Perciò è impossibile che
sindaci di grandi città e consiglieri regionali di rilievo possano
abbandonare i loro doveri d’ufficio nel territorio per installarsi
a Roma correndo dietro alle leggi e alle delibere con uno scadenzario
in mano. Il che vuol dire che a Roma non ci staranno affatto e perciò
ci sarà un Senato ma non ci saranno i senatori, e l’attività
legislativa sarà bloccata.
Allora la domanda è: non era meglio
piuttosto abolire il Senato? Non lo hanno fatto. Forse i riformatori
che volevano “cambiare verso” all’Italia erano troppo
conservatori, forse Renzi era troppo organico alla vecchia classe
politica per arrivare a sopprimere il Senato della Repubblica, e
perfino per osare di cambiarne il nome, che doveva essere “Senato
delle autonomie”. Quello che invece hanno fatto è stato di
depotenziarlo per renderlo innocuo, per levare l’incomodo che esso
arrecava ai governi. E così hanno tolto al Senato l’unico potere
che veramente contava e che dava fastidio, il potere di dare e
togliere la fiducia. E questo lo hanno statuito senza ambiguità e
senza esitazione alcuna: con questa riforma infatti il governo esce
totalmente dal controllo del Senato.

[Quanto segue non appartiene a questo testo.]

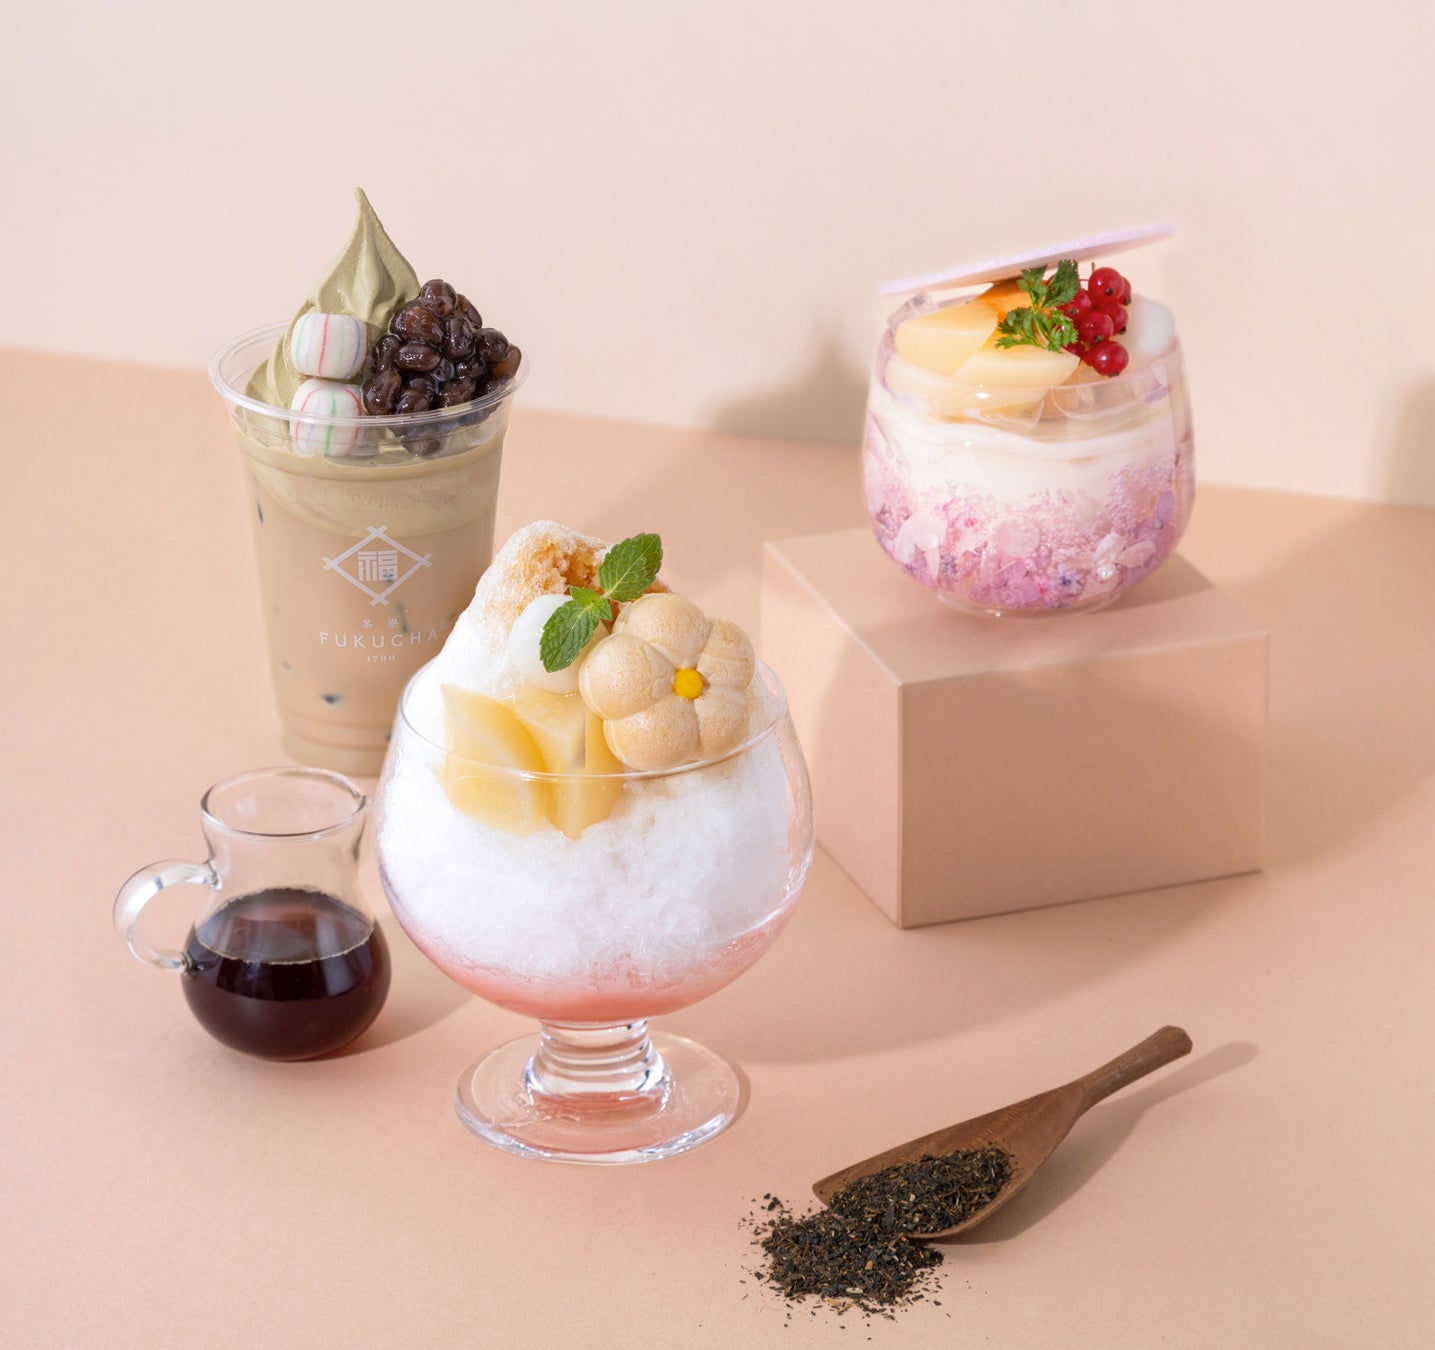 イオン札幌平岡店で催事開催、「おうちでご飯とスイーツ」に大人気の2ブランドが出店
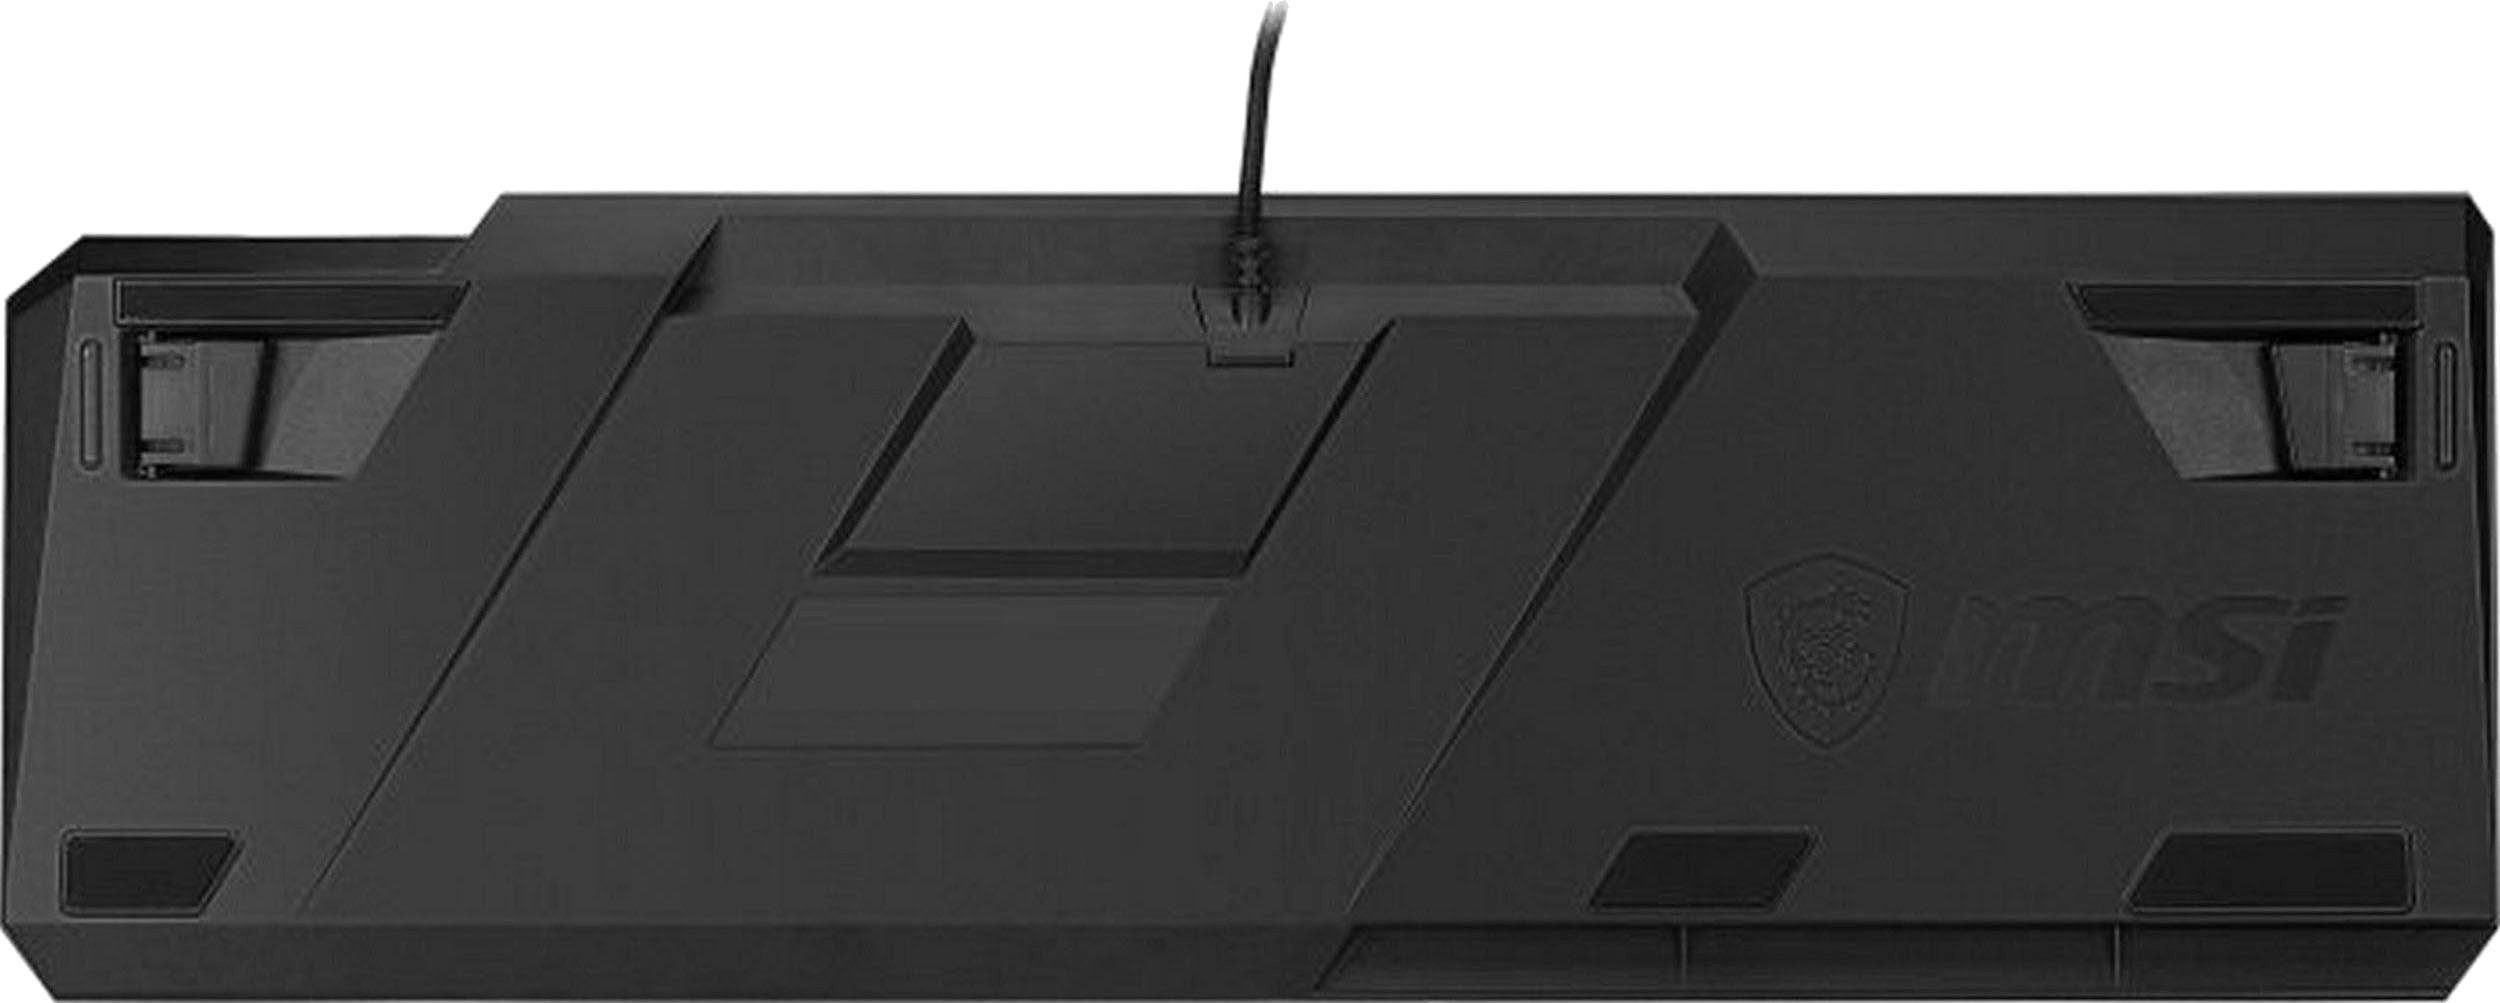 MSI VIGOR PROFILE GK50 LOW Gaming-Tastatur

Così almeno una Camera è messa
fuori gioco. E perché la spoliazione fosse ben chiara, hanno tolto
al Senato anche quel potere che purtroppo nella nostra cultura
massimamente è rappresentativo della sovranità: il potere di
deliberare lo stato di guerra che l’art. 87 della nuova
Costituzione toglie al Senato e riserva alla sola Camera dei
deputati.
In questo consiste dunque l’uscita dal bicameralismo
perfetto, che è il titolo e la gloria della legge di revisione che
dobbiamo votare.
L’uscita è dalla democrazia parlamentare
Ma quanto, dopo questa uscita, il bicameralismo diventa
imperfetto? Diventa tanto imperfetto che neanche la Camera dei
deputati funzionerà più come un organo della democrazia
parlamentare. La democrazia parlamentare consiste infatti nel
rapporto di fiducia per cui il governo nasce e dipende dalla fiducia
espressa dalla maggioranza del Parlamento. Ma nel nuovo sistema, la
fiducia verrebbe data da una Camera nella quale la maggioranza
assoluta dei seggi sarebbe occupata per legge dai nominati di un solo
partito. Ora ci dicono che questa legge, l’Italicum, la
cambieranno, quando ormai a Renzi, che può perdere, non conviene
più. Però finora essa ha fatto parte integrante del cambiamento
istituzionale, è stata imposta al Parlamento col voto di fiducia
come premessa della stessa riforma, e la Corte Costituzionale,
rinviando la decisione sulla sua incostituzionalità a dopo il
referendum, l’ha formalmente consegnata al giudizio del popolo
italiano. Perciò inevitabilmente il 4 dicembre voteremo insieme sia
sulla riforma di uscita dal bicameralismo che sulla legge elettorale
che l’accompagna, voteremo cioè sul “combinato disposto”.
Dunque voteremo per un sistema in cui al governo la fiducia sarà
data da una Camera di sua fiducia, con una maggioranza di deputati
nominati dallo stesso governo, corrispondenti però a una minoranza
degli elettori. In tal modo la fiducia al governo non sarà più un
atto libero di Camere elette e rappresentative di tutto il popolo, ma
diverrà un atto interno di partito, diverrà un atto dovuto per
disciplina di partito, non importa se riunito al Nazareno o a
Montecitorio.
Dunque il punto non è che dal bicameralismo
perfetto si passa a un bicameralismo dimezzato. La verità è che il
bicameralismo resta, ma è la democrazia parlamentare che se ne va.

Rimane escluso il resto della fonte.